Culture
Le Musée de l’Innocence, un univers romanesque incarné dans le bois et le verre


À Istanbul, l’espace imaginé par Orhan Pamuk pour matérialiser son roman connaît un regain d’intérêt à la veille de l’adaptation de l’œuvre par la plateforme Netflix.
Dans une rue discrète du quartier de Çukurcuma, un bâtiment de couleur rouge abrite une collection pour le moins singulière. Sur l’un de ses murs sont scrupuleusement alignés plusieurs milliers de mégots de cigarettes, chacun portant la trace fugace d’un rouge à lèvres. Ces reliques, patiemment amassées, sont celles de Kemal, le personnage central du roman *Le Musée de l’Innocence* d’Orhan Pamuk. L’établissement, qui porte le même nom que le livre, constitue la matérialisation physique de cette fiction, un lieu où l’écrit prend forme à travers une multitude d’objets du quotidien.

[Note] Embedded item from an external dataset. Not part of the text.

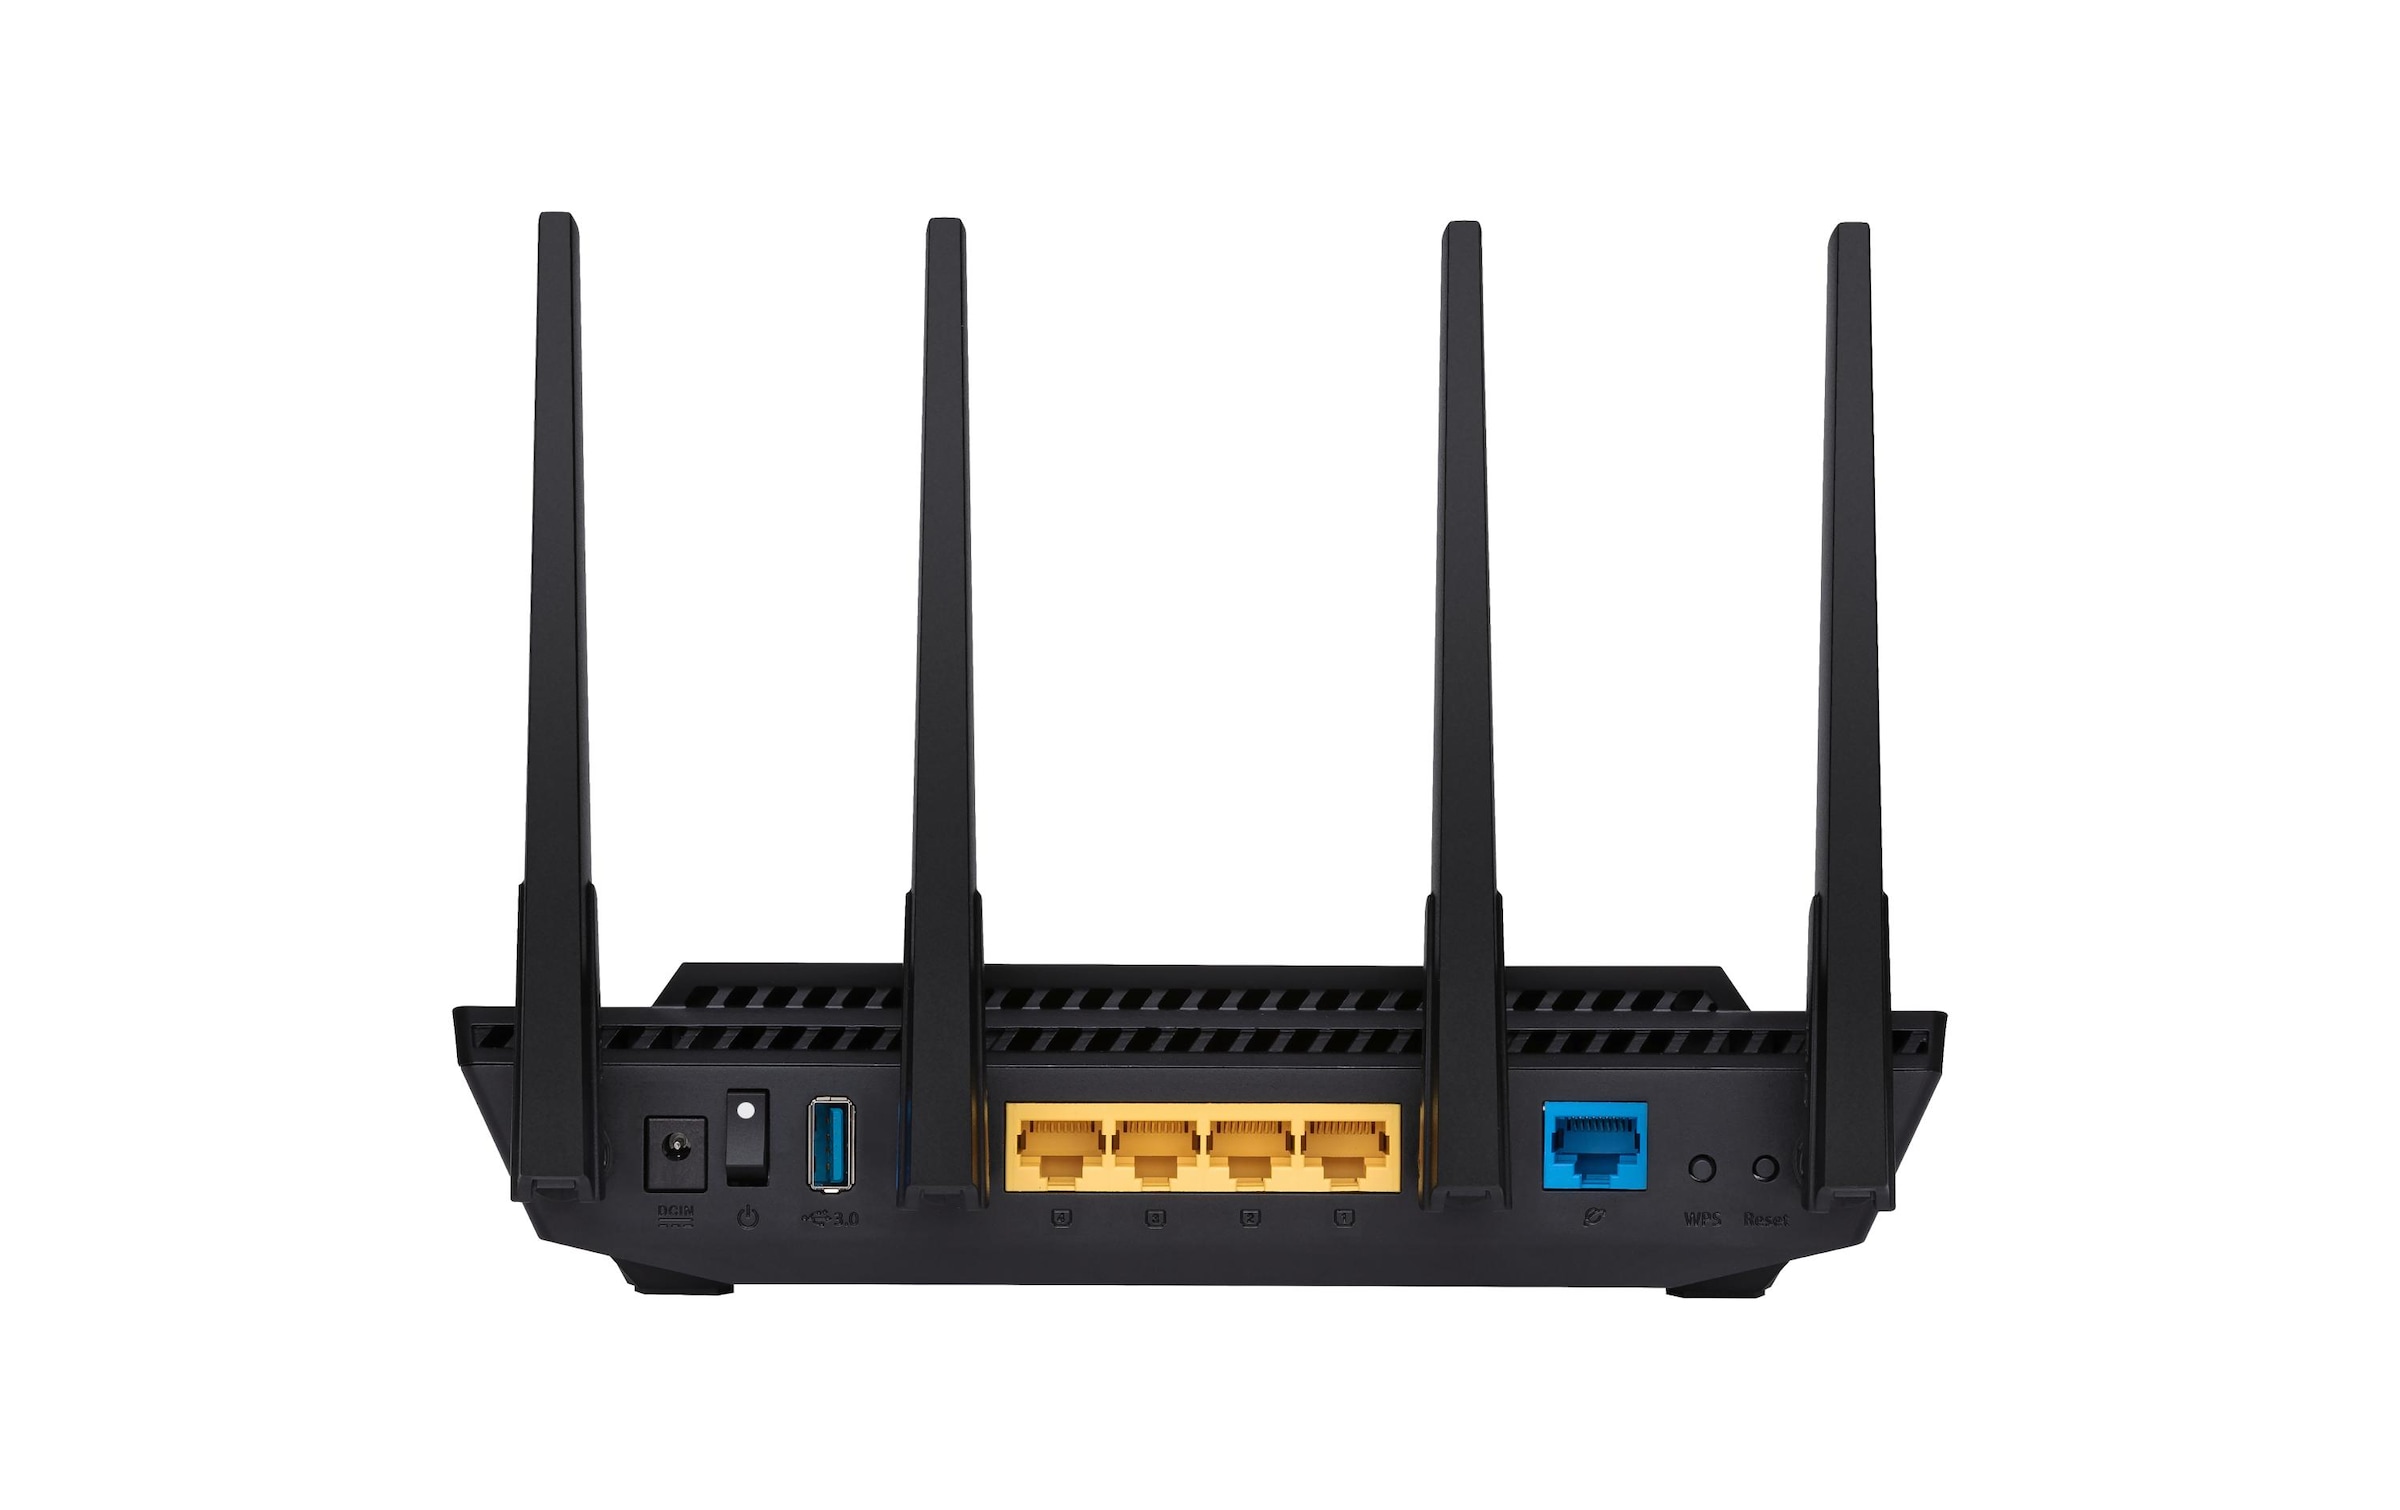 Asus WLAN-Router »Dual-Band WiFi RT-AX58U WiFi 6«
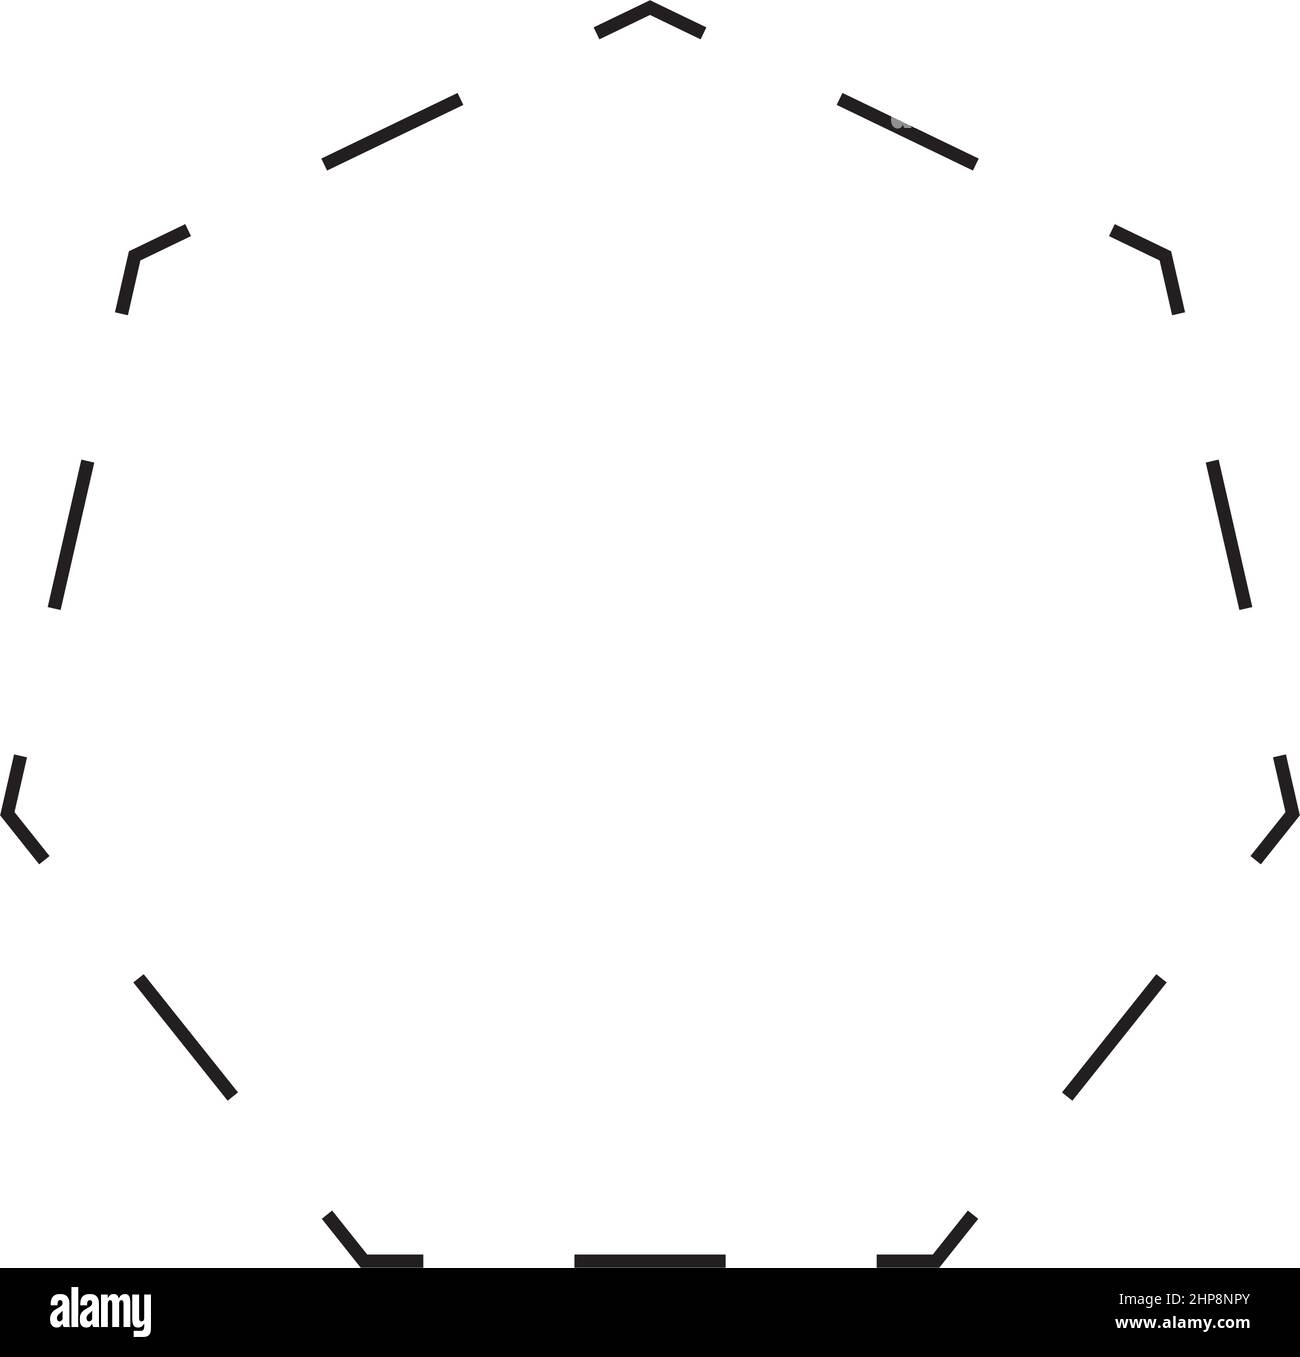 Vektor-Symbol mit gestrichelten Symbolen in der Form eines Heptagons für kreatives Grafikdesign-ui-Element in einer Piktogrammdarstellung Stock Vektor

L’affluence dans ses étages aux escaliers de bois ciré a notablement augmenté ces derniers temps. La direction observe une fréquentation qui dépasse désormais les cinq cents entrées quotidiennes, un chiffre bien supérieur à la normale. Cette affluence s’explique par l’imminente diffusion d’une adaptation en série du roman, dont la sortie est attendue avec impatience par un public de lecteurs assidus et de simples curieux. L’histoire de Kemal, un bourgeois d’Istanbul des années 1970 hanté par le souvenir d’un amour perdu, se déploie à travers quatre-vingt-trois vitrines. Chacune correspond à un chapitre et renferme les menus artefacts de cette passion obsessionnelle, des vêtements aux tickets de cinéma en passant par des bouteilles de soda.
L’auteur lui-même, lauréat du prix Nobel de littérature, se définit comme un collectionneur invétéré. Il explique avoir souvent construit ses récits à partir d’objets glanés, leur conférant ainsi une épaisseur tangible. Cette démarche trouve son aboutissement dans ce musée, ouvert en 2012, qui entretient un dialogue permanent entre le texte et les artefacts exposés. Pour de nombreux visiteurs, cette accumulation de détails confère à l’histoire une forme de véracité. Certains se présentent même avec l’ouvrage original à la main, qui leur offre un droit d’entrée gratuit grâce à un billet inséré dans les pages.
L’attente autour de la série transcende les frontières. L’établissement accueille des publics variés, reflétant les nombreuses traductions du roman. Des visiteurs venus d’Europe comme d’Asie découvrent l’intrigue à travers les vitrines avant de se plonger dans la lecture ou de chercher à visionner les épisodes. Pour cette adaptation, Orhan Pamuk a veillé personnellement au scénario, exigeant un contrôle créatif total après une expérience antérieure décevante. Son implication étroite avec l’équipe d’écriture a duré plus d’un an, aboutissant à une version dont il se dit satisfait.
Ce projet s’inscrit dans un contexte plus large où les productions télévisuelles turques connaissent un rayonnement international considérable. Le pays s’est imposé comme l’un des principaux exportateurs de séries dans le monde, une dynamique que vient renforcer la diffusion de cette adaptation sur une plateforme mondiale. Le Musée de l’Innocence, à la fois lieu littéraire et espace muséal, demeure ainsi un point de convergence unique où la fiction, le souvenir et la réalité matérielle se fondent en un seul récit.